How long have you been at Port Otago?
Since October 2021.
What did you do before you came to Port Otago?
I finished school in Gore and started at Mataura Valley Milk as a casual labourer, labelling bags until I figured out what I wanted to do. I moved into admin and worked my way up to Warehouse Administrator. I was there two years.
Why Port Otago?
My family moved to Dunedin and I wanted to move up too.
I was the Warehouse Administrator at Port Otago’s Sawyers Bay depot and heard this job was coming up – as Supply Chain Scheduler and Planner at D Shed, where Fonterra product is devanned*, stored and packed. It’s a step up for me and good for my career.
* Unloading cargo from a container.
What does your role involve?
It’s about planning which products need to be packed into which containers for the day. There are multiple types of milk powder and anhydrous milk fat in varied packaging sizes. I produce a “pack plan” and the team works off that. We average 72 TEU* a day.
I’m constantly juggling, which I love. At any point in time, I’ll be listening out for the team on the radio asking me to close a delivery for a container they’ve packed. I’ll be queueing full containers into our yard and replacing them with empties, so the straddle driver and forklift operators can continue working. You need to always be planning ahead, so you’re queuing in the correct container type for the product/order.
* TEU = Twenty-foot Equivalent Unit
What are the steps of an empty container arriving, through to it leaving the yard?
The container transfers are done each night on second shift.
Each morning, the process starts with me creating my packing report from Fonterra’s system, which will tell me how many empty containers I need to request from the terminal for packing the next day.

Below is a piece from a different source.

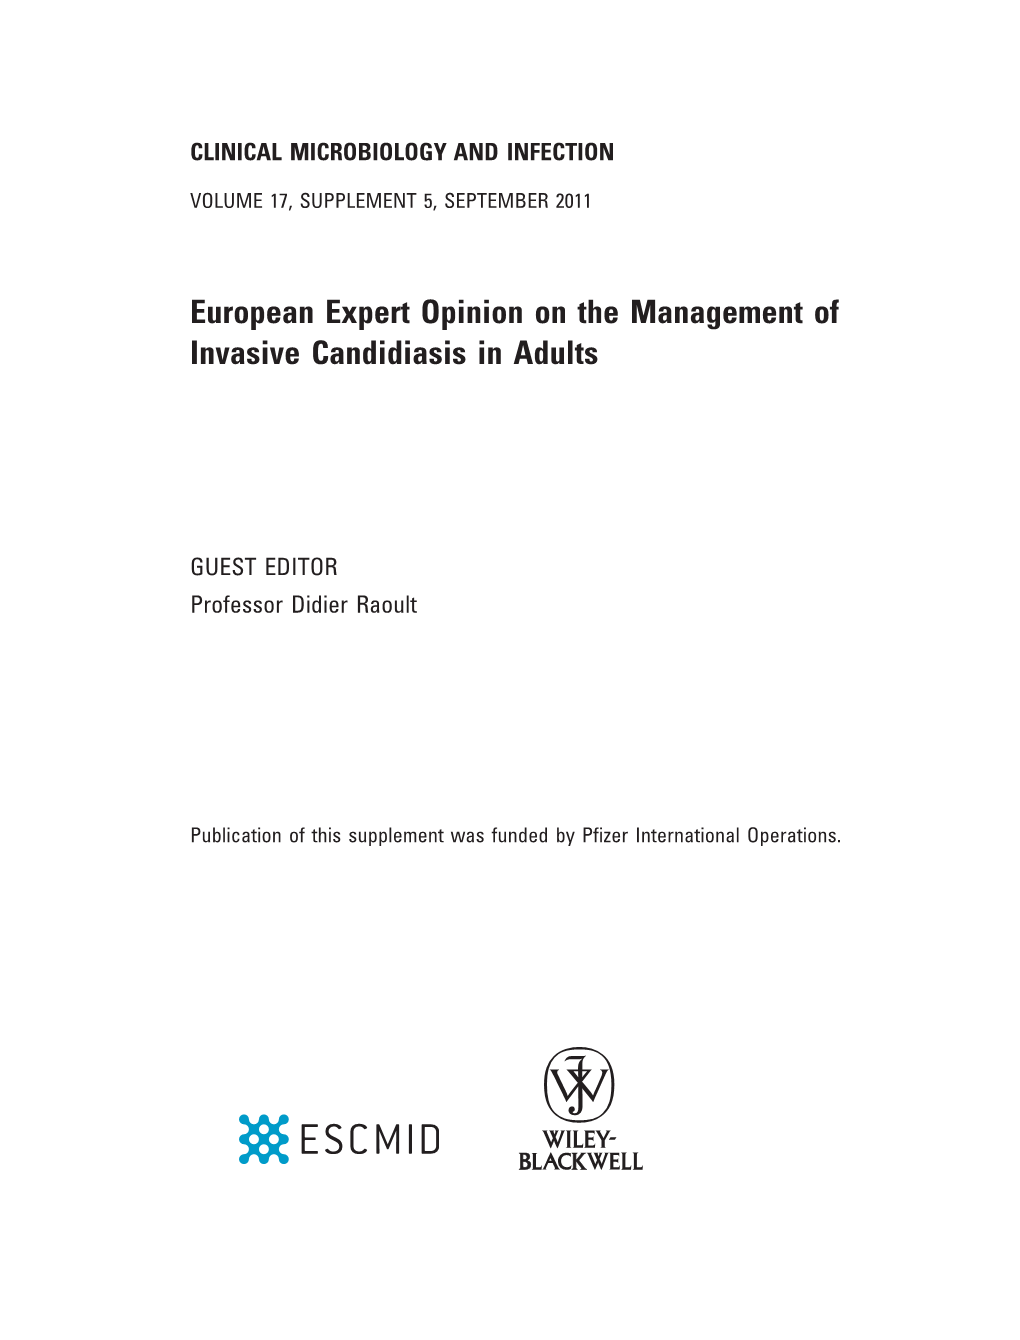 European Expert Opinion on the Management of Invasive Candidiasis in Adults

I attend the S&OP (Shipping and Operations) 0930 meeting every day, which is with the Operations and Planning and Control teams. They tell me what their container supply is looking like and how many ‘moves’ (swapping out empties for fulls we’ve packed) they are able to do that night. I then create a list of release numbers (specifying the types of containers we need for the next day’s packing), send that through to the terminal team and they release those containers to us.
When I come into work the next morning, the empties are in the yard waiting to be packed. I queue them into the appropriate packing packing areas, and those instructions come up on the straddle driver’s screen and they move the container into position. From there, we pack it. We have two teams at a time packing containers – sometimes three.
When the container is packed, the team on the floor call the position and container number out to me on the radio. I close the delivery off and queue the container out. The straddle driver sees this on their screen and they move the full container back into our stack, ready for the terminal team to take it away.
What are your hours of work?
7am – 3.30pm, Monday to Friday. There is the occasional Saturday, if we are busy.
What skills and attributes do you need for your job?
You have to be very particular and there are many things you need to keep your eye on at all times. Lots of people are relying on you to keep them working.
At school, I was good at applied maths and with numbers in general. And, in this job, you’re working with many, many numbers. For example, delivery numbers, shipment numbers, sales order numbers, release numbers, container numbers, positions in our container stack. The list goes on!
What’s the best part of your job?
I love the container control and organisation of it all – queuing up the containers in and out of the yard. It’s the satisfaction of the process, from start to finish. I also love seeing when we’ve have achieved a high number of containers packed at the end of the day. The team is awesome to work with. I wouldn’t be able to do my job without them and vice versa.
What’s the worst part of your job?
I like getting out into the warehouse, and there’s not always time.
Do you have your eye on a particular job at Port?
I look at every job that comes up and I’m open-minded about the future. But I’m good at this job and really enjoy it for now.